The Amazon Technologies Inc invention works as follows

The techniques for intelligent multi-turn dialog systems automation that is task-oriented are described. A seq2seq model can be developed using a corpus or training data, and a loss-function that is at least partially based on the distance from a goal. A user utterance can be input to the seq2seq model, and the nearest neighbor algorithm can select one or several candidate responses to that user utterance. In some embodiments the specially adapted Seq2seqML model can trained using unsupervised training, and can then be adapted in order to select intelligent, coherant agent responses which move a dialog towards its completion.

Background for Task-oriented Dialog Systems Using Combined Supervised and Reinforcement Learning

Conversational Agents have been proposed and used for many commercial domain-specific applications. These applications can be task-oriented in the sense that they are designed to help customers/users achieve a certain goal, like making a hotel or airline reservation. In order to achieve this goal, the agent must collect relevant information (e.g. preferences), give her relevant knowledge (e.g. prices and availability), and issue appropriate system calls. Make a payment, and complete the task effectively.

Chatbots, which are now ubiquitous thanks to recent advancements in speech recognition (e.g. smart speakers at home, mobile applications or computer programs, etc.), reach many people via speech-based services. Recently, chitchat has received a lot of attention in contexts that are open. The term “chit-chat” is used. The term “chit-chat” refers to systems which can generate fluent responses in response to questions and other utterances, that are reasonable within the context of a conversation. This is in contrast to the task-oriented settings that were discussed above in order to guide or conduct a conversation in order to complete a specific task.

BRIEF DESCRIPTION DES DRAWINGS

The drawings will show various embodiments of the present disclosure.

FIG. “FIG.

FIG. “FIG.

FIG. “FIG.

FIG. “FIG.

FIG. “FIG.

FIG. “FIG.

FIG. “FIG. 6 is a diagram of a illustrative environment where machine learning models can be trained and hosted in accordance with some embodiments.

FIG. “FIG.

FIG. “FIG. 8 is a diagram that illustrates an example computer system which may be used for some embodiments.

FIG. “FIG.

FIG. FIG. 10 is an example of a system for implementing various aspects according to different embodiments.
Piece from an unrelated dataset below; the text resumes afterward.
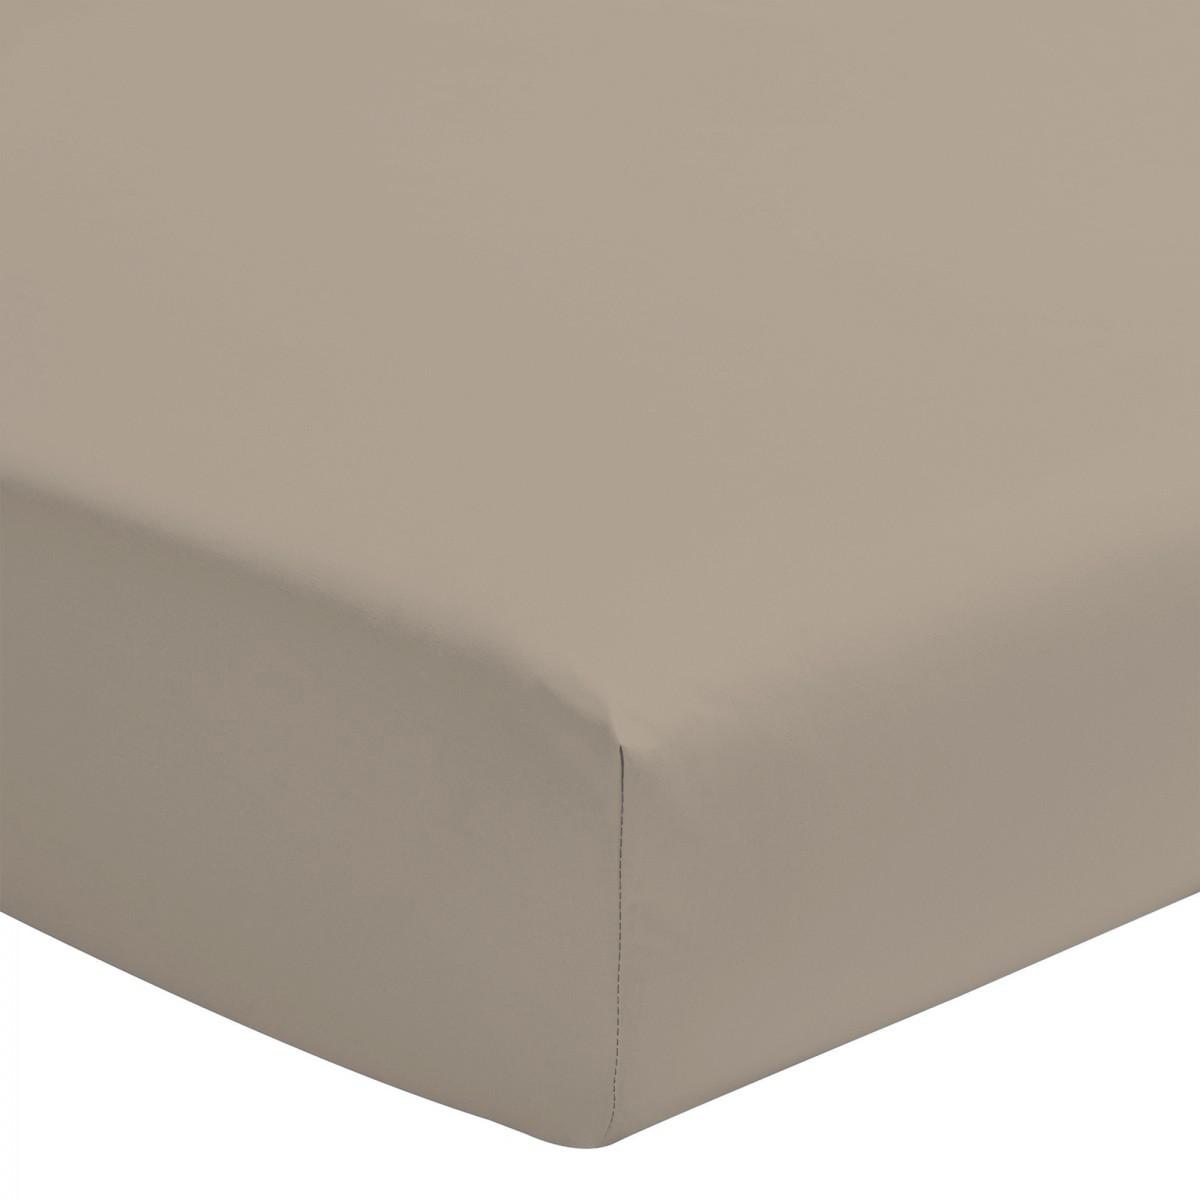 Drap housse percale de coton - Bonnet 30cm - Beige - 140x190 cm

The description includes “Various embodiments” of intelligent multi-turn task-oriented dialog systems. In some embodiments, an ML model (such a sequence-to-sequence (seq2seq), for example, can be trained with a corpus (e.g. prior multi-turn, task-oriented dialogs), and a loss-function that is at least partly based on the distance from a goal. The ML can be given a user’s utterance and the output of the ML (e.g. a vector of multiple values from a plurality hidden units in a seq2seq model) can be used to select a candidate response to the user’s utterance. The specially-adapted ML models can be trained by unsupervised learning and adapted to select intelligent agent responses which move a dialog towards completion.

The large-domain task-oriented dialogue systems are a system that is widely used. Agents may be required to perform simultaneous actions, such as database queries, while also generating fluent responses in natural language. For example, some approaches to implement such systems could use reinforcement learning (RL), or supervised-learning (SL).

RL refers to a class of techniques that allow machines to learn sequential decision making from sparse and distant reward. In RL approaches to dialog, a policy is learned online via interactions with users who provide feedback. RL has the advantage that it learns models that optimize the appropriate long-term reward, in this case, fast and accurate completion of the user’s task. However, RL approaches usually require separate Natural Language Understanding (NLU) and Generation (NLG) components that are tuned separately to generate states, and also typically use predefined templates with slots and values to specify actions. Thus, the state space, the action space, and the rewards need to be carefully defined, requiring expensive human annotations or domain knowledge. Requiring domain-specific knowledge as rules or templates limits the expressive power of the models as the responses must belong to the pre-defined sets of possible responses, making the deployment of such systems difficult in the real world.

In contrast, SL-based approaches learn dialog policy offline by looking at expert trajectories. These approaches are appealing because the dialog policy can be learned without human supervision. However, SL methods require many examples dialogs to reach acceptable performance levels. This trade-off is reasonable for some dialog applications such as customer service and support, where there are many examples created by human agents.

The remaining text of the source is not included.